Data provided:
+ + +
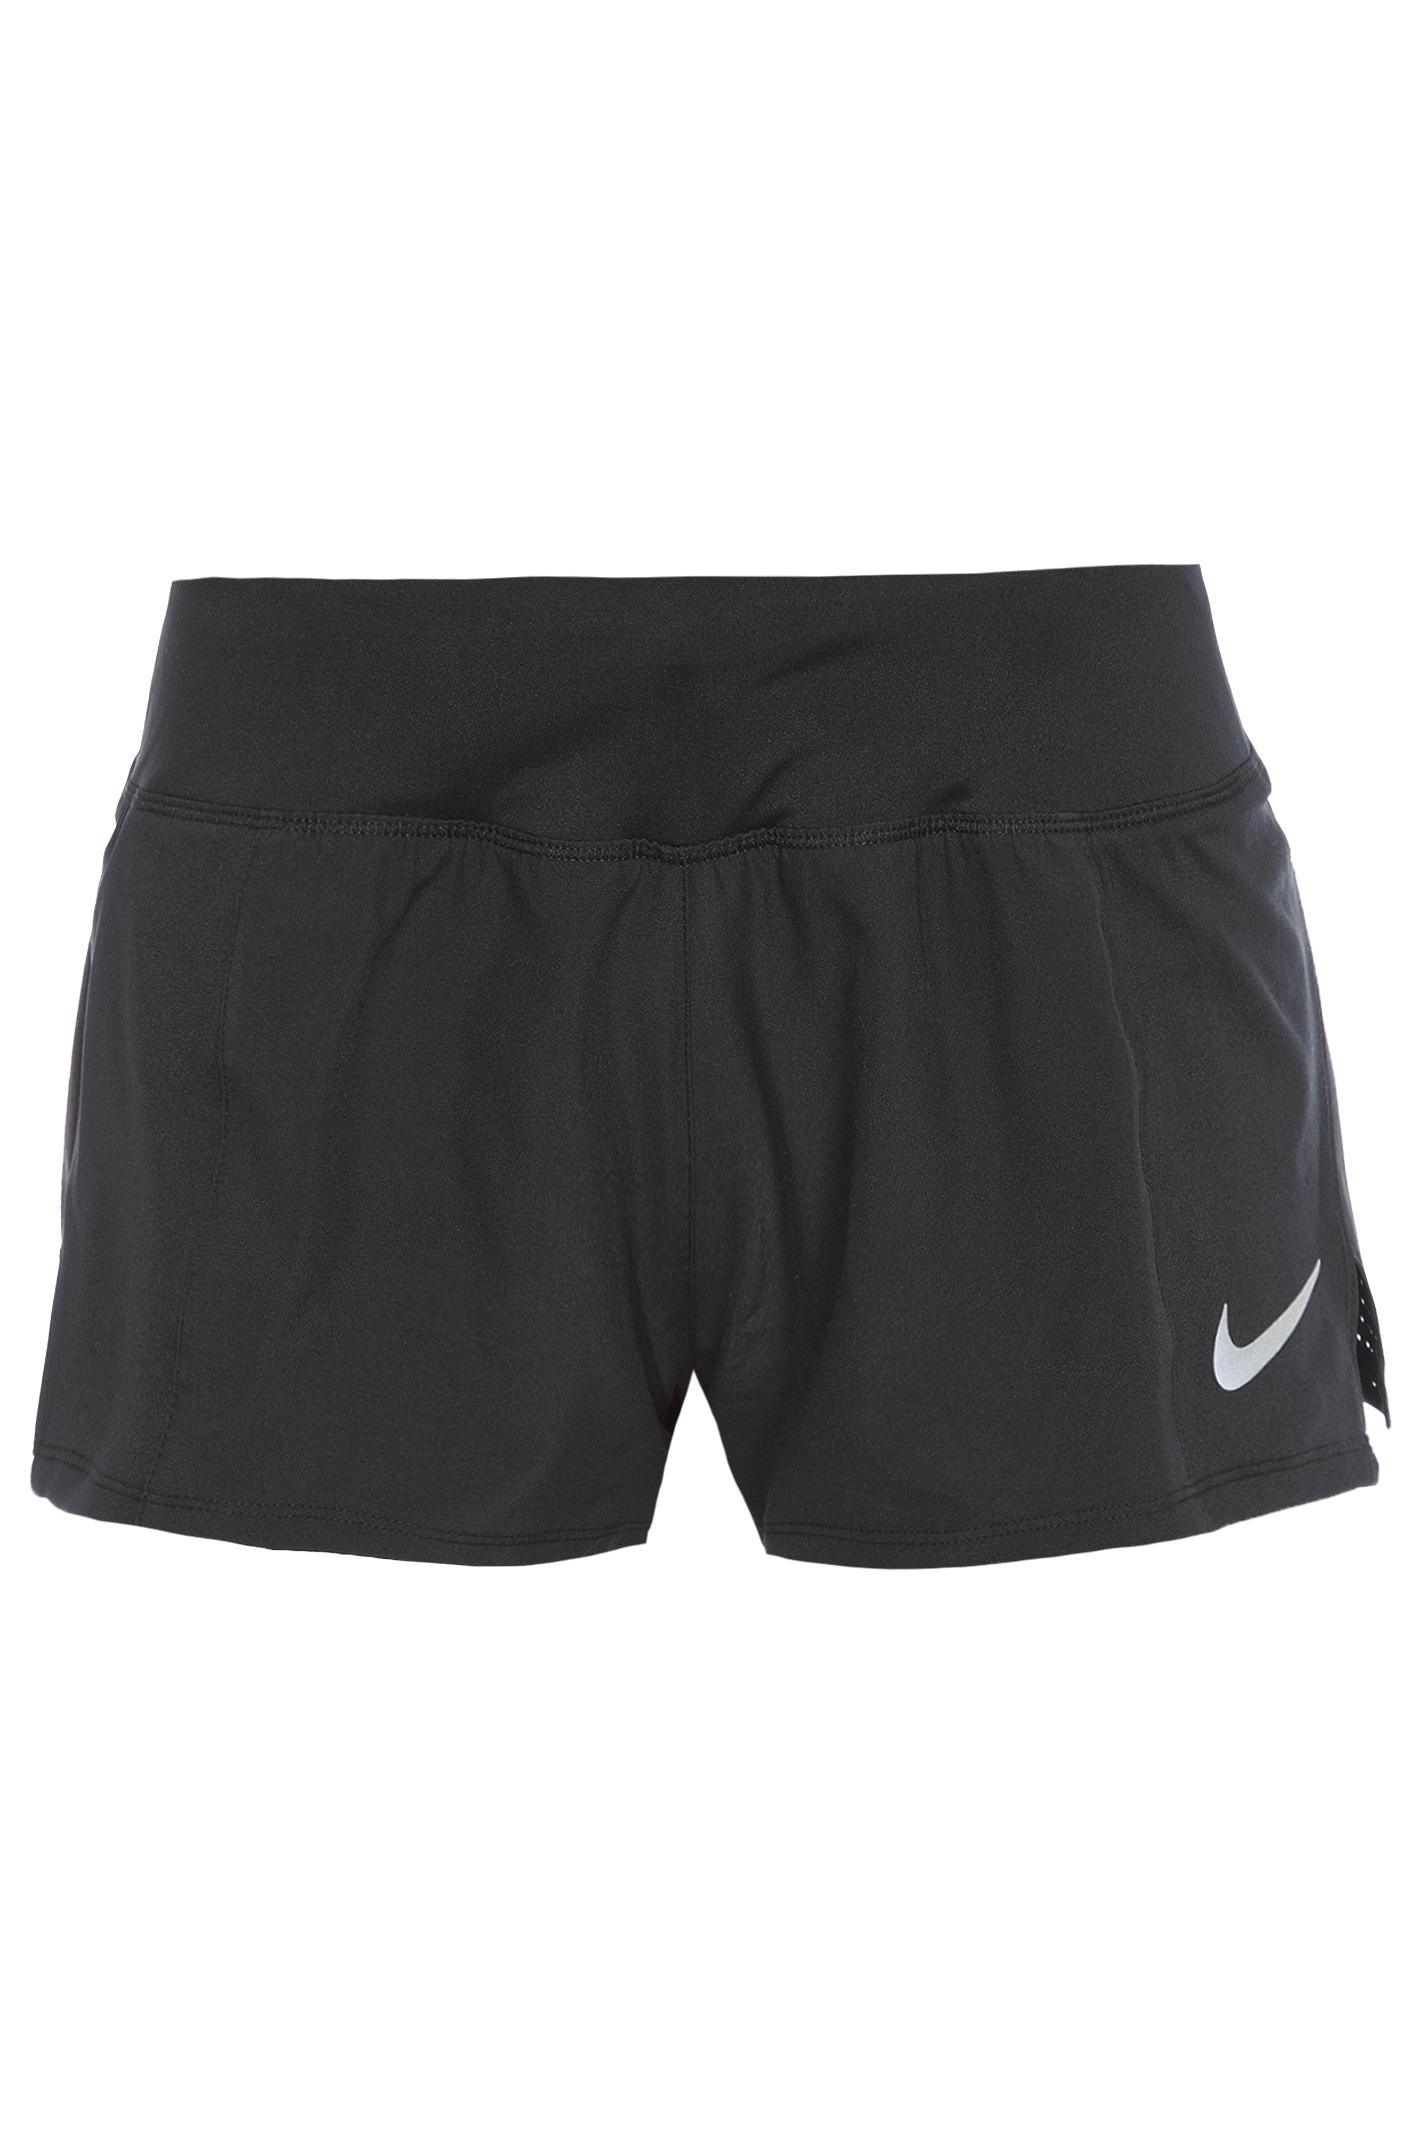 Shorts Nike Crew 2
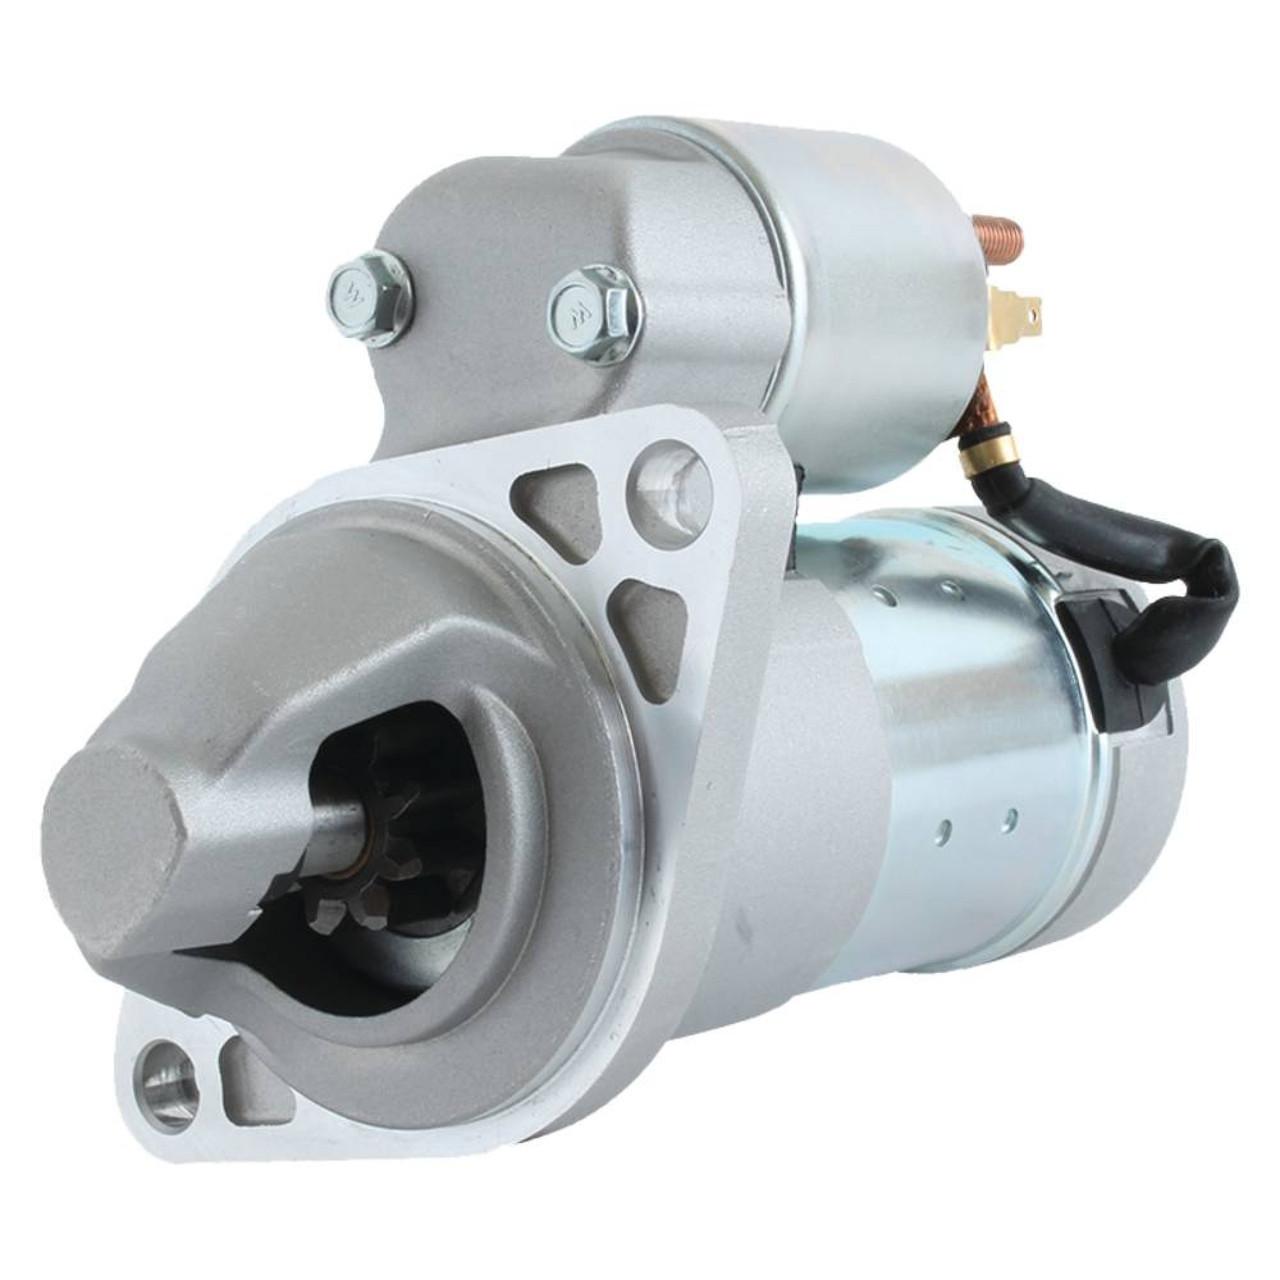 Starter for Bobcat 3400 Diesel UTV 7018593
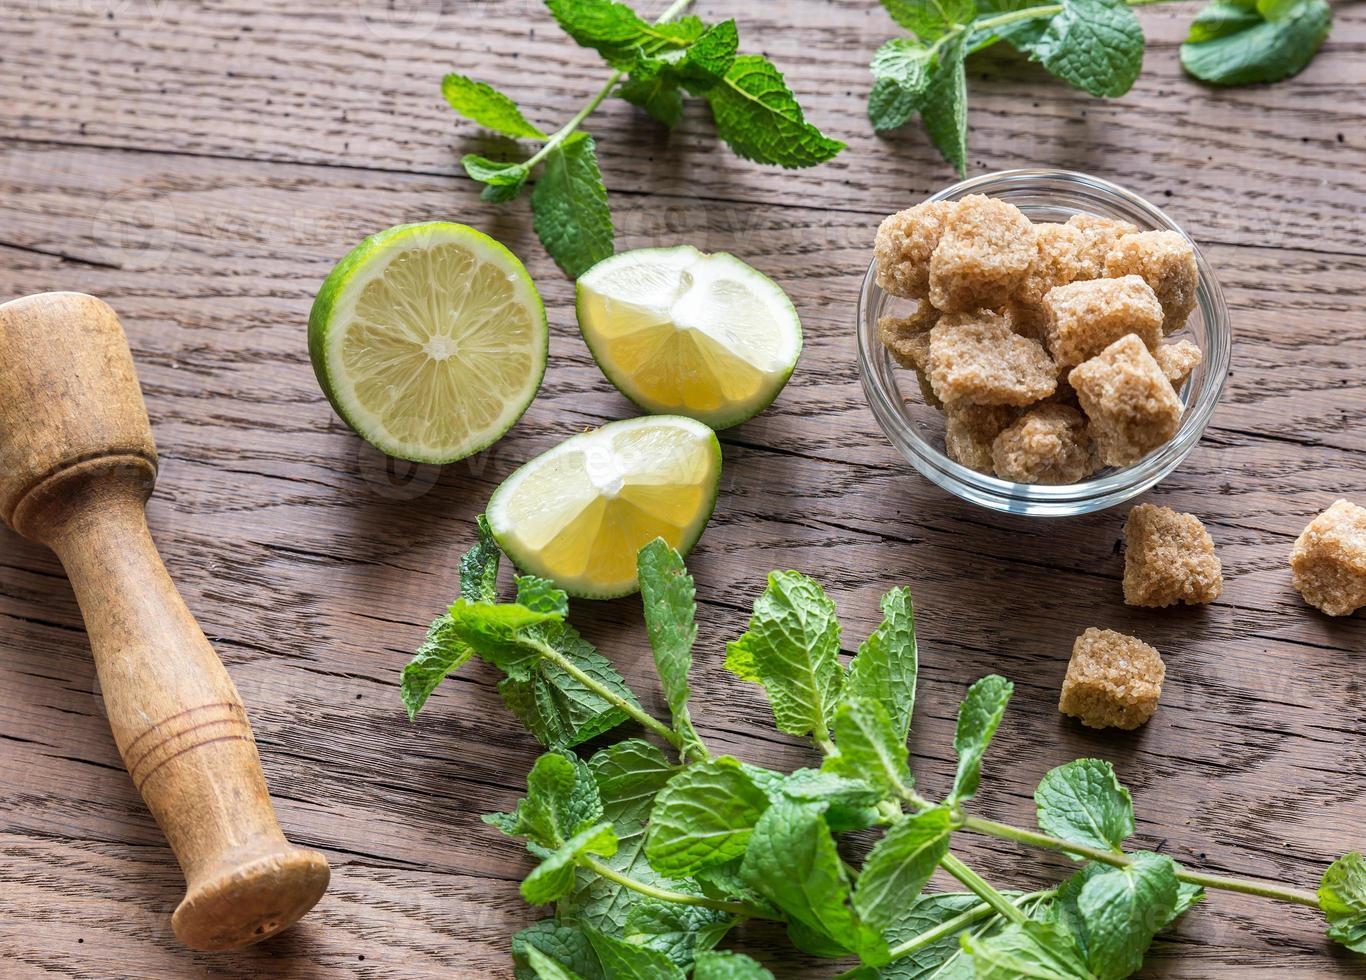 ingrediënten voor mojito op de houten achtergrond foto
+ + +
Task objective: What is needed is a word-for-word copy of the data, minus its pictures.

Reply:
 Shorts Nike Crew 2
 Starter for Bobcat 3400 Diesel UTV 7018593
 ingrediënten voor mojito op de houten achtergrond foto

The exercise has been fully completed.